Since a tetrahedron has only $4$ faces, and you have only two colors of paint. you can just as easily count them by hand, and in fact there are just $5$ distinguishable ways to paint the faces. However, you want to see how to do it using Burnside's formula.
Burnside's formula says, count the number of invariant colorings for each rotation, add up those numbers, and divide by the number of rotations. In other words, compute the average number of invariant colorings for a random rotation.
The tetrahedron has $12$ rotations: you can rotate it $120^o$ either way about an axis passing through a vertex and the center of the opposite face, $8$ of those; or $180^o$ about an axis through two opposite edges, $3$ of those; or the $0^o$ identity rotation. Take them case by case.
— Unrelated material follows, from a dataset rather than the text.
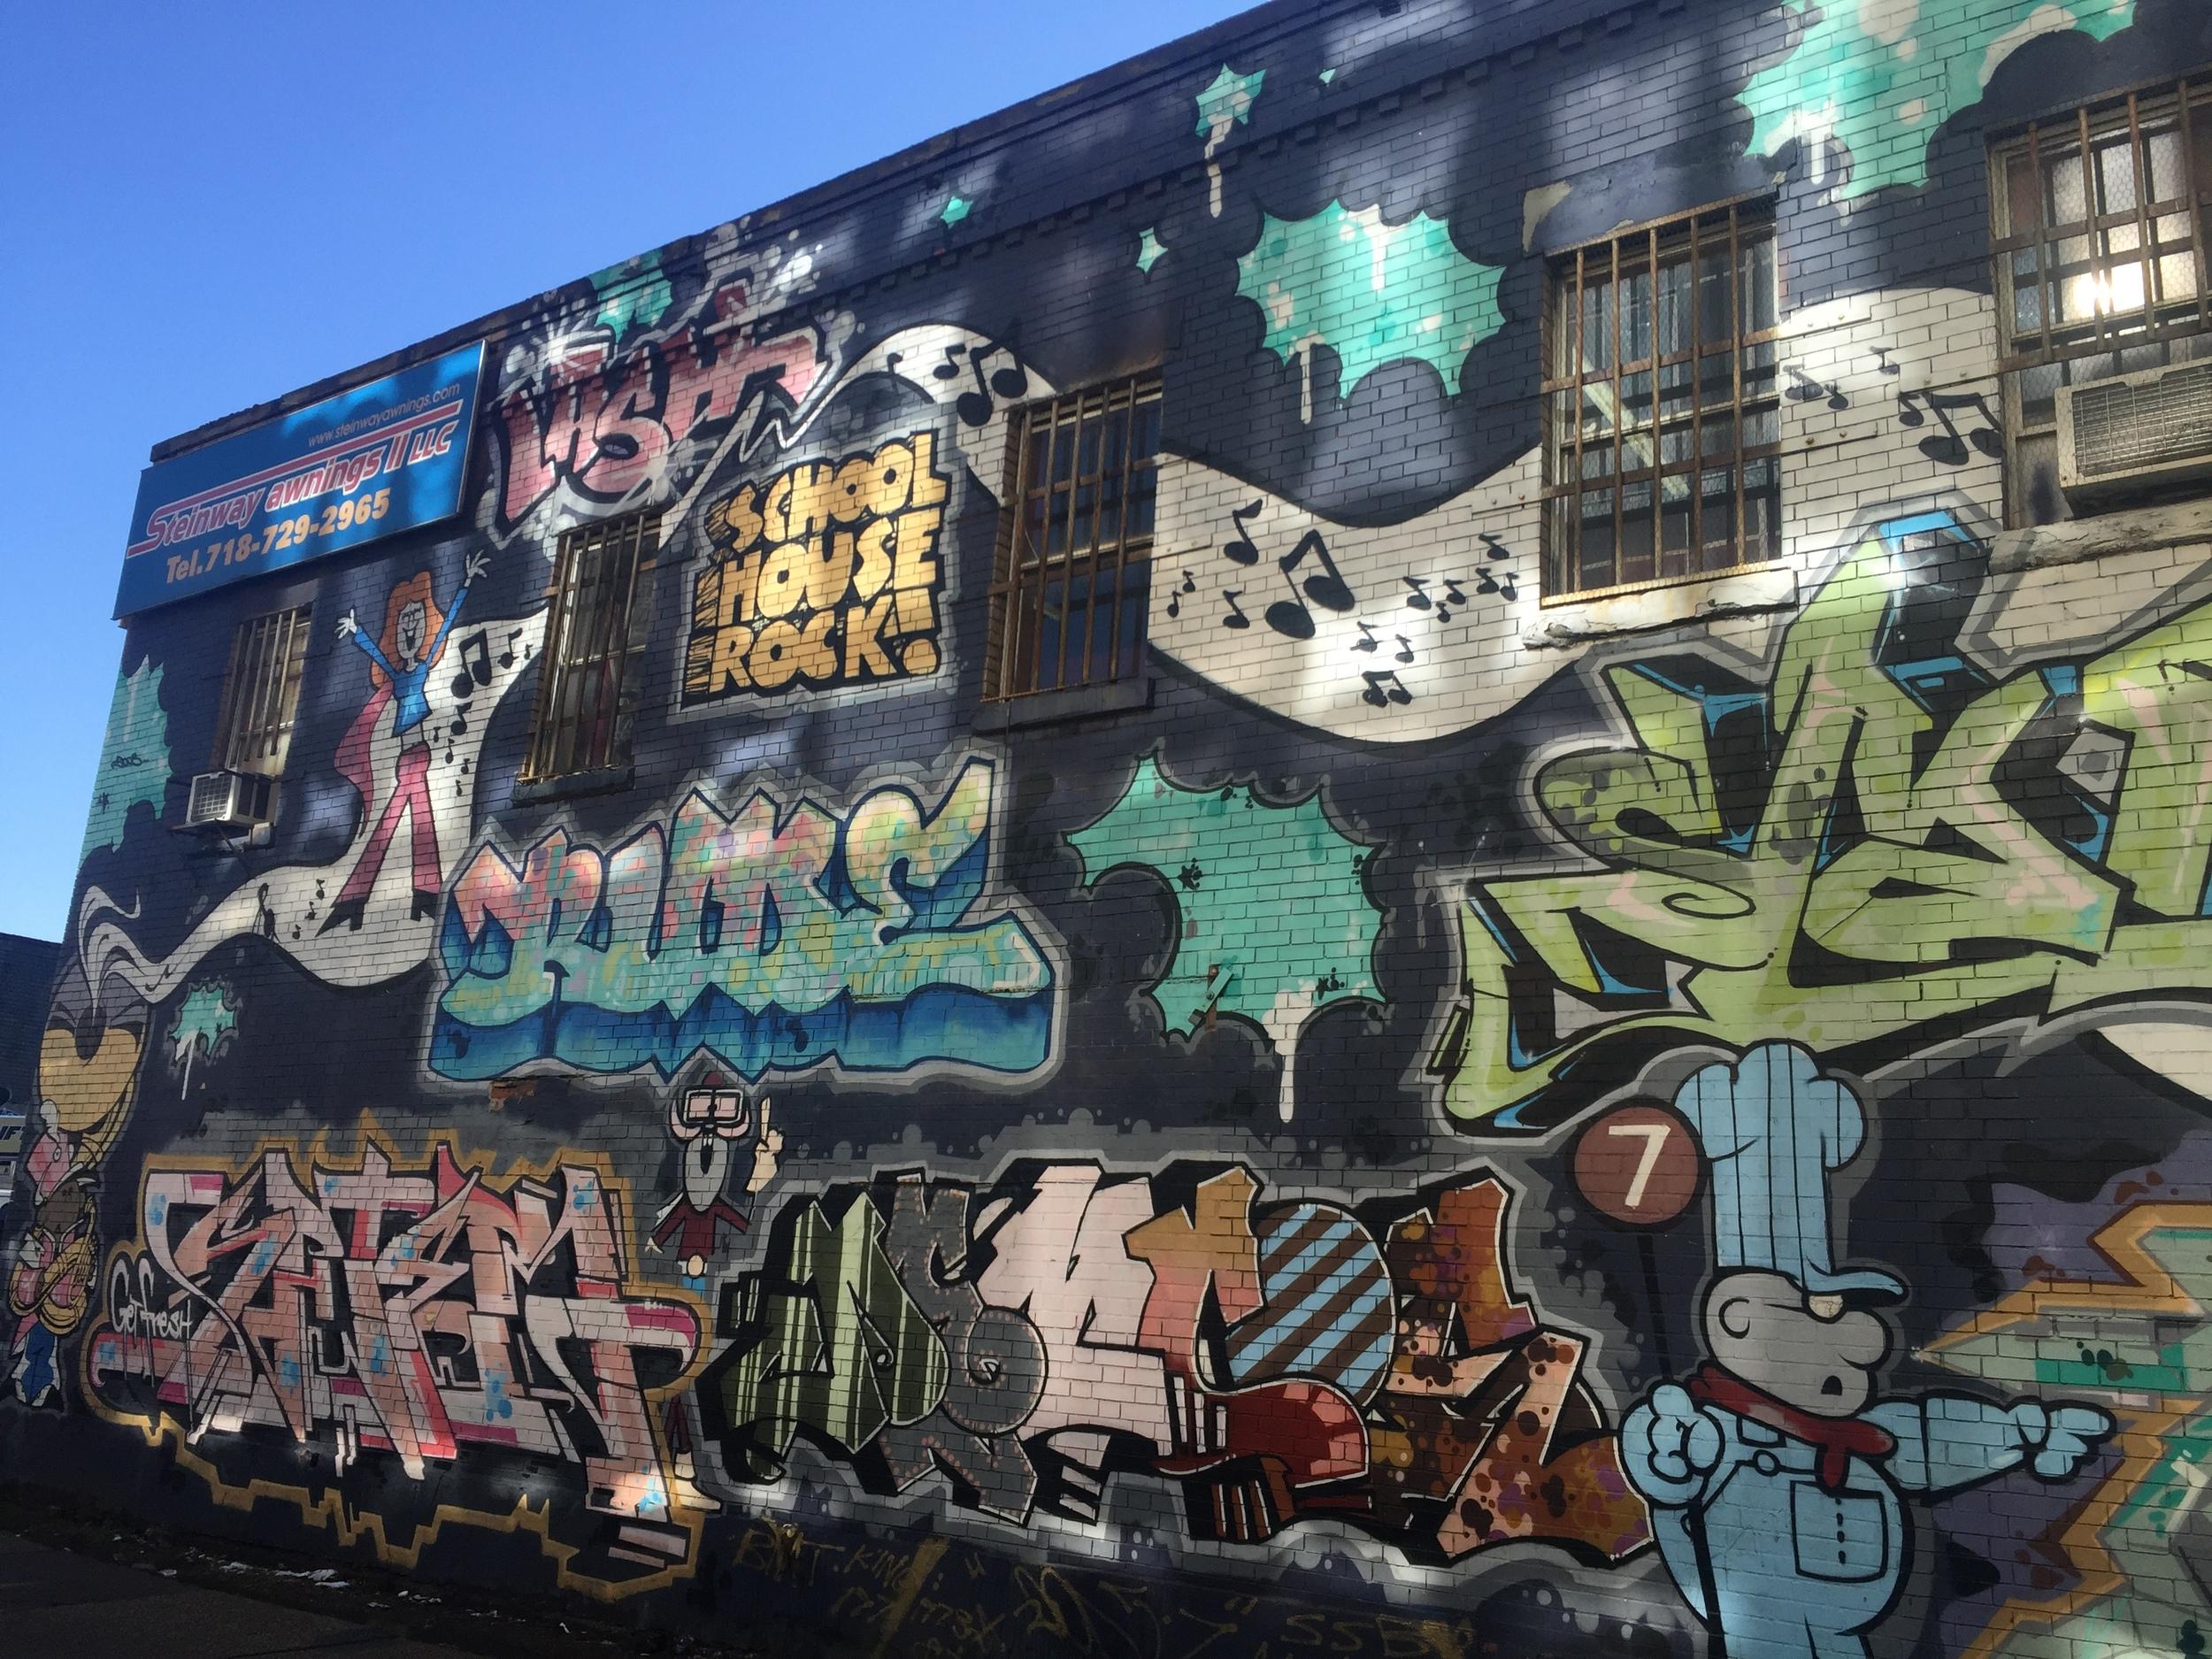 School House Rocks graffiti in Long Island City, Queens.

A $120^o$ rotation about an axis through a vertex $v$: for the coloring to be invariant under this rotation, the three faces adjacent to $v$ have to be the same color; in other words the faces are partitioned into $2$ "orbits", one orbit consisting of the three faces adjacent to $v$, the other orbit containing the remaining face. The number of invariant colorings is $2*2=4$. (If your palette contained $c$ colors, the number of invariant colors would be $c^2$.) $8*4=32$.
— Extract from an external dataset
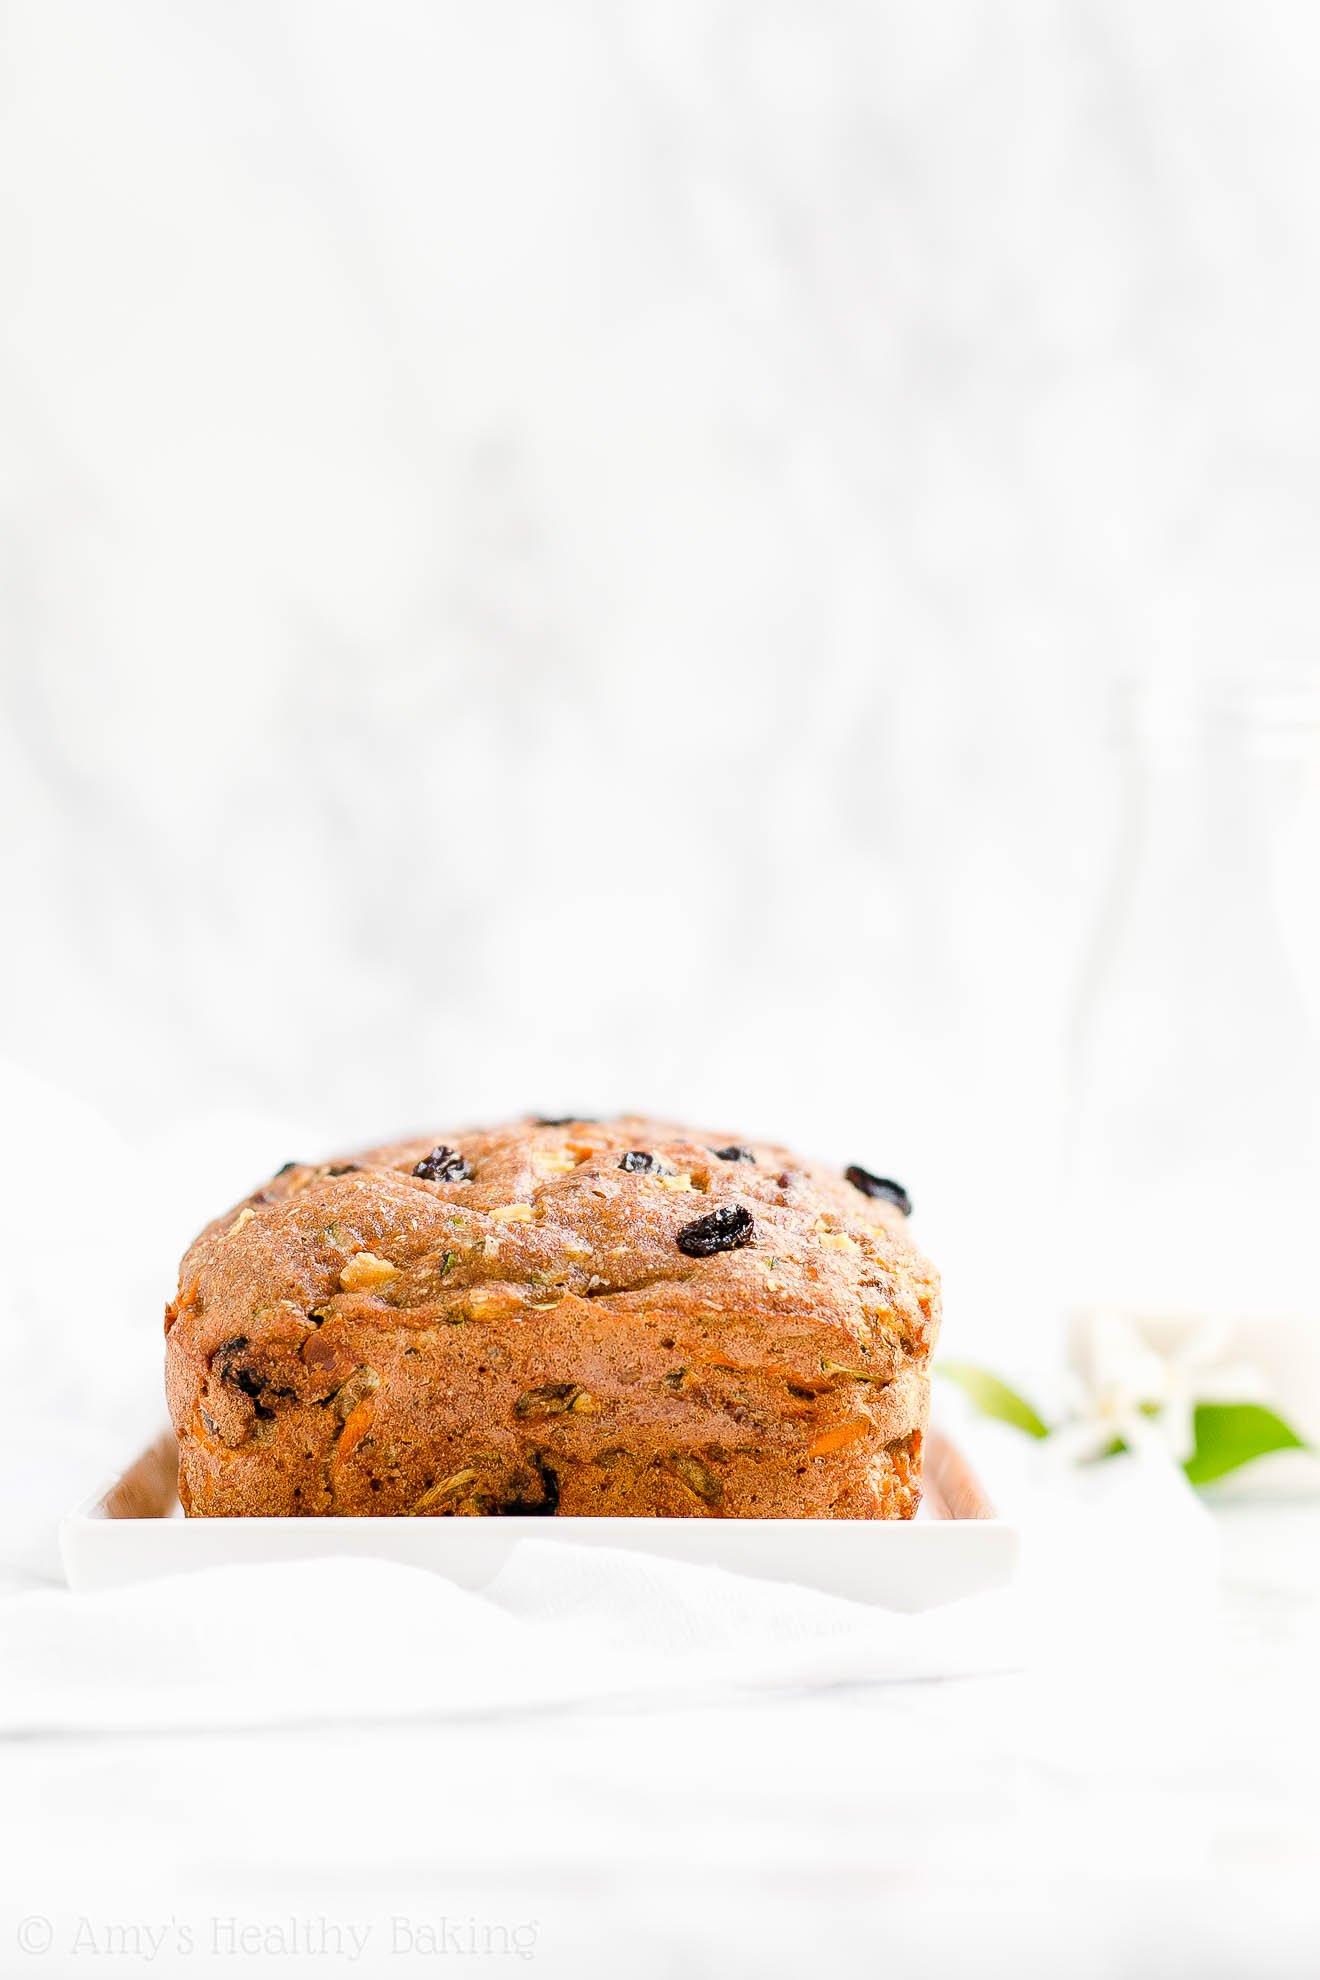 Healthy No Sugar Morning Glory Zucchini Bread

A $180^o$ rotation about an exis through two opposite edges, $e$ and $f$: as it happens, in this case too there are $2$ orbits; the two faces meeting at $e$ belong to one orbit, so they have to be the same color; likewise the two faces meeting at $f$. Again, there are $4$ invariant colorings for each of these rotations. $3*4=12$.
The identity rotation: each face is a separate orbit, all $2^4=16$ colorings are invariant, $1*16=16$.
The final answer to your question is $(8*4+3*4+1*16)/12=60/12=5$. For coloring the faces of a regular tetrahedron with $c$ colors, the number of distinguishable patterns is $\dfrac{11c^2+c^4}{12}$.
Exercise: The number of distinguishable ways to color the faces of a cube red, white, or blue is
$57$